- [Given information]:
---*---
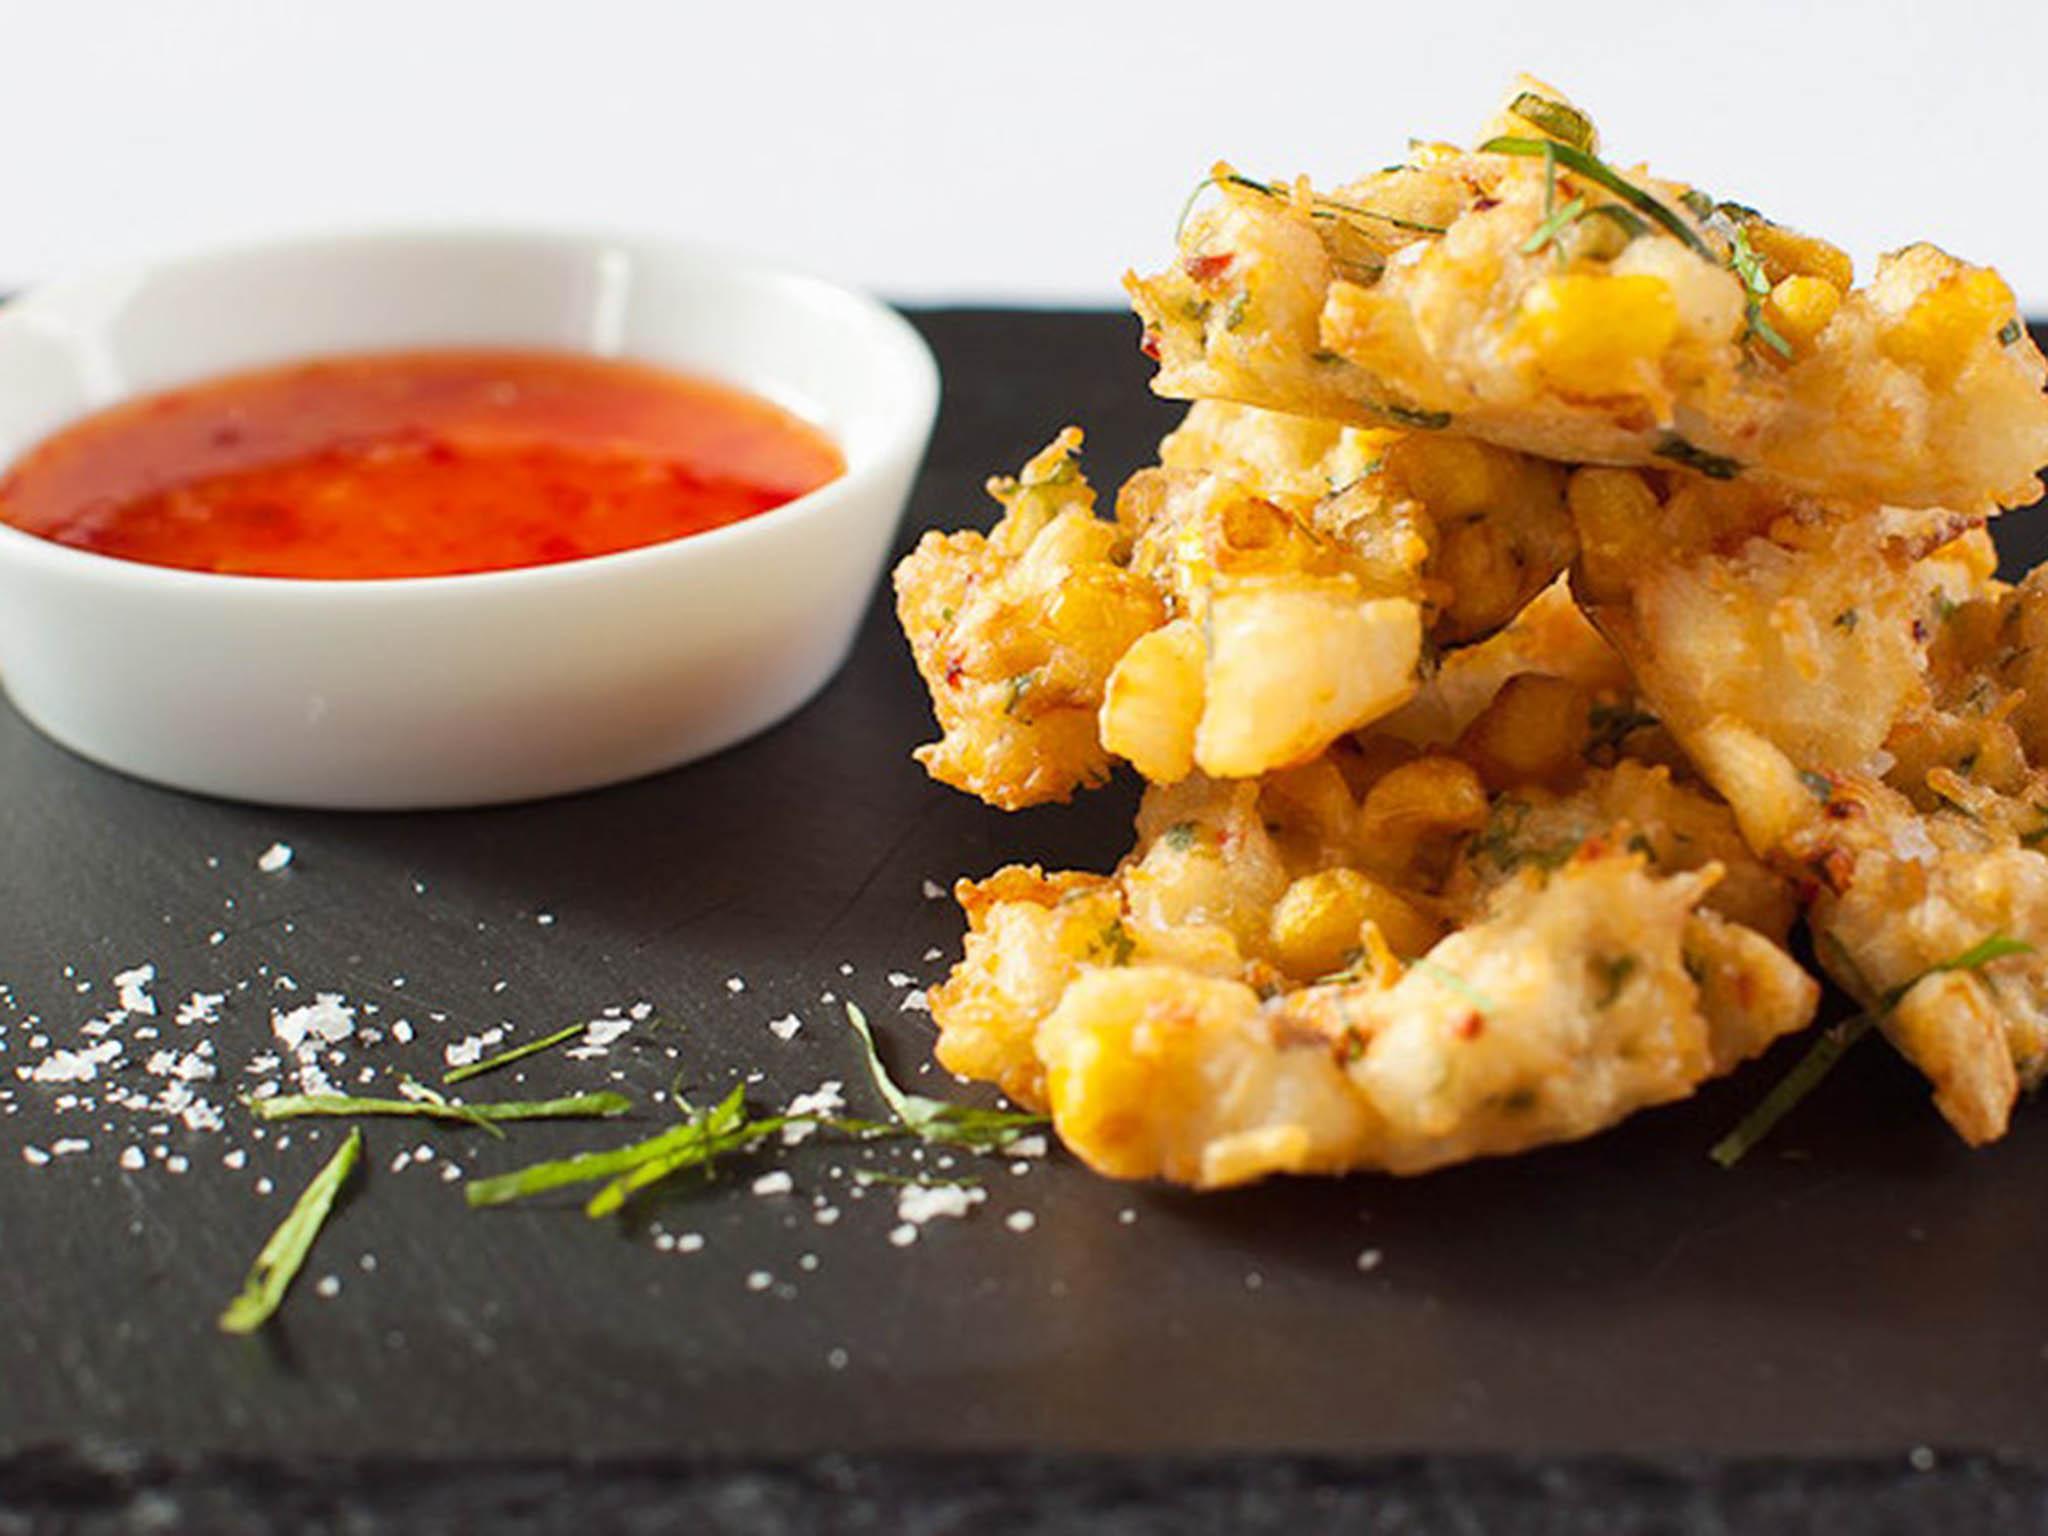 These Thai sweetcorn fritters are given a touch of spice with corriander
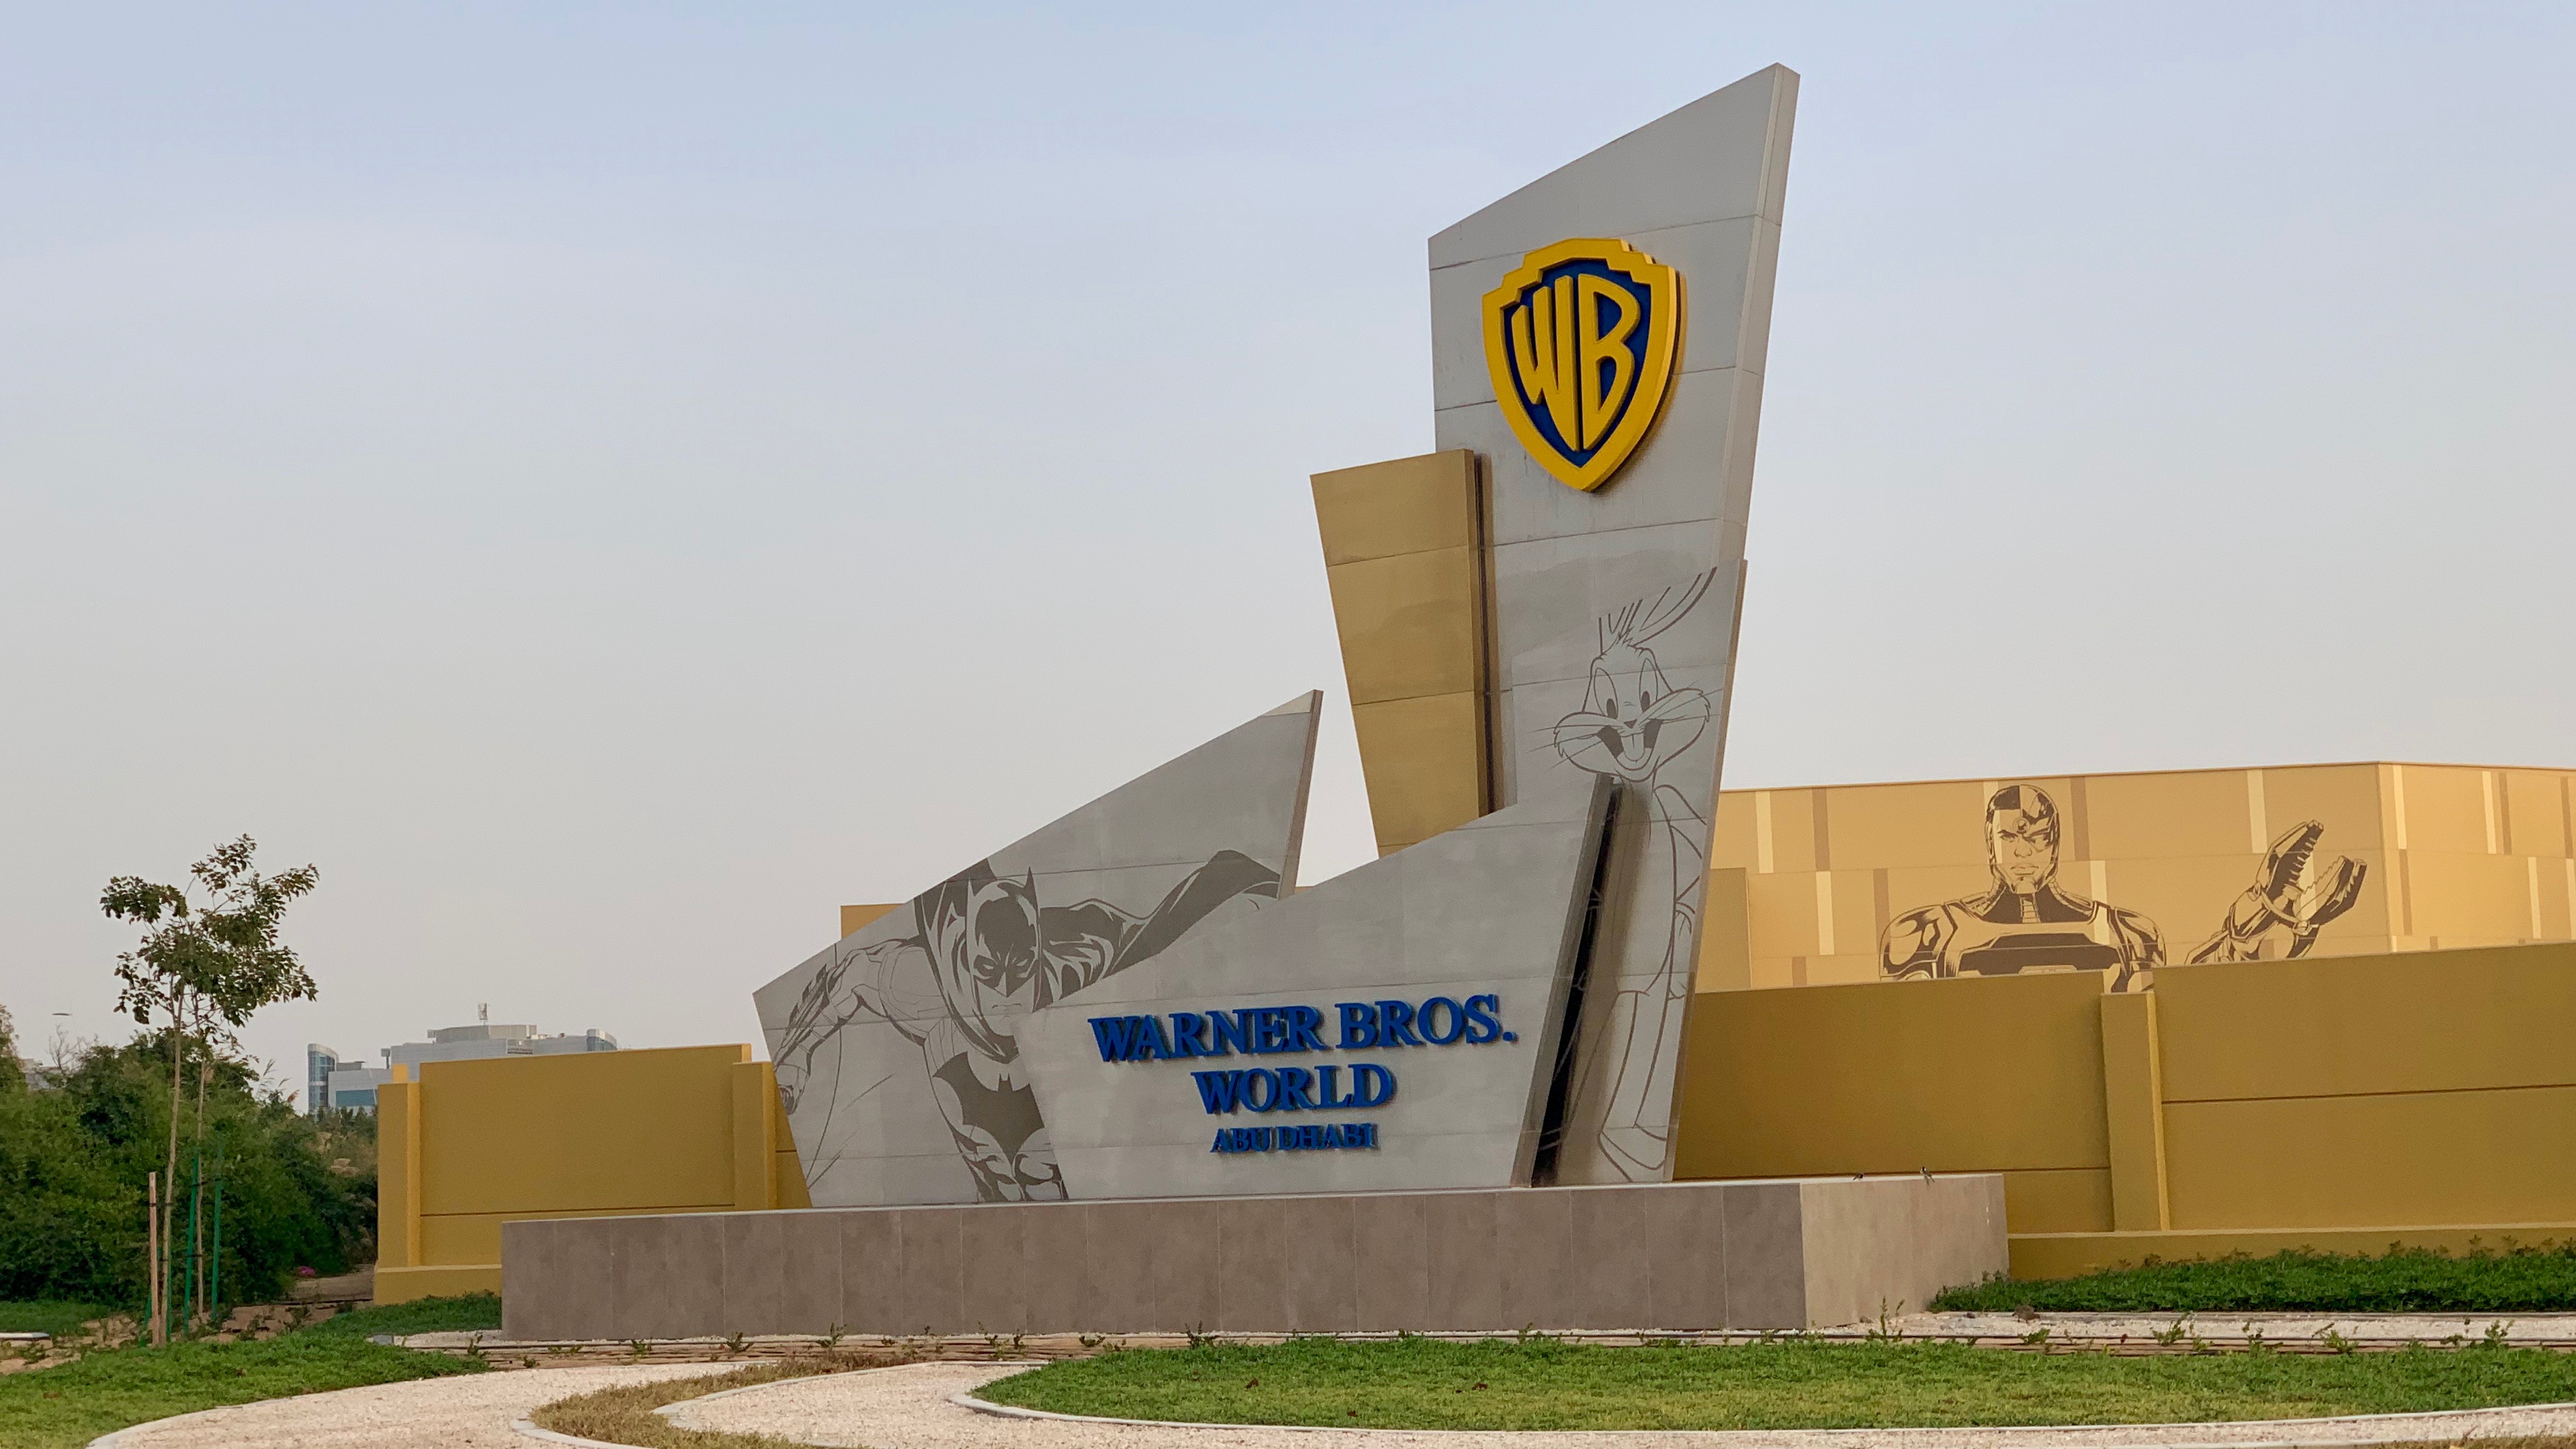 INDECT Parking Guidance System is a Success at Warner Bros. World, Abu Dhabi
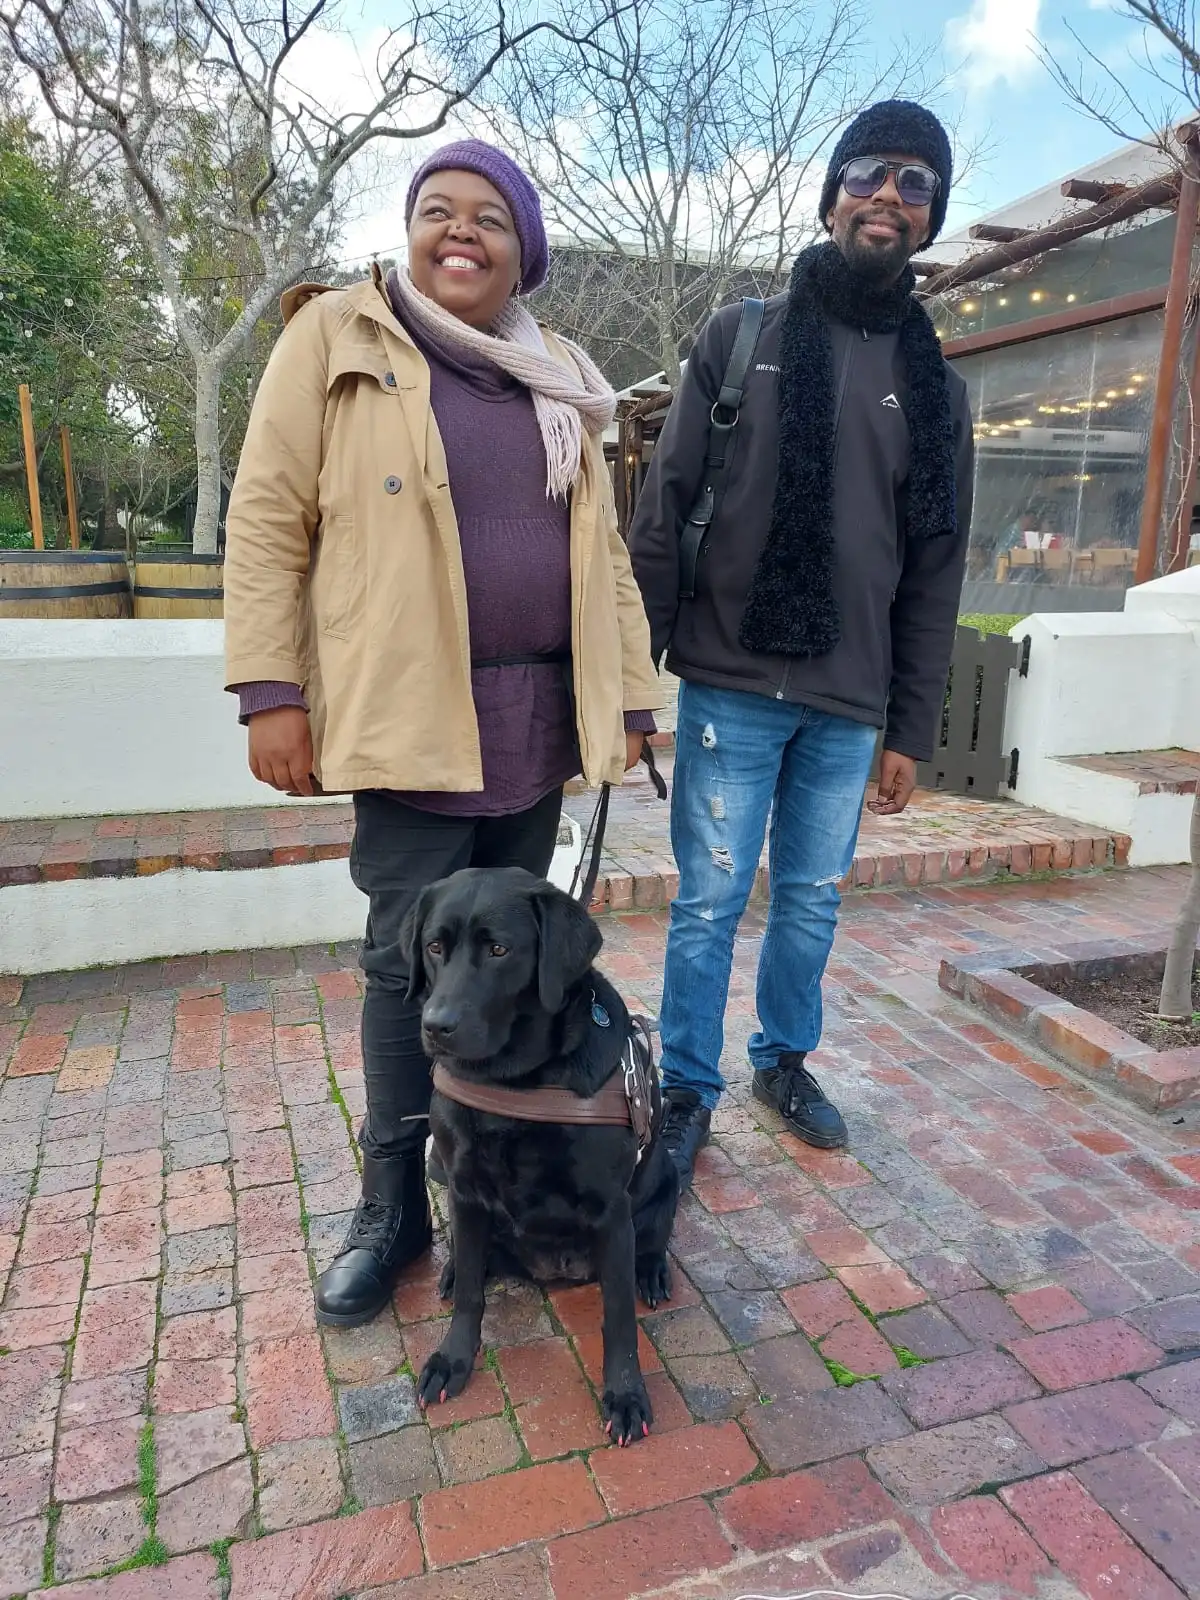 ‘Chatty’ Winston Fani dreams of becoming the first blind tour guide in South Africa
---*---
- [Exercise goal]:
In your copy, restate the data above word for word but leave out any picture.

- [Exercise answer]:
 These Thai sweetcorn fritters are given a touch of spice with corriander
 INDECT Parking Guidance System is a Success at Warner Bros. World, Abu Dhabi
 ‘Chatty’ Winston Fani dreams of becoming the first blind tour guide in South Africa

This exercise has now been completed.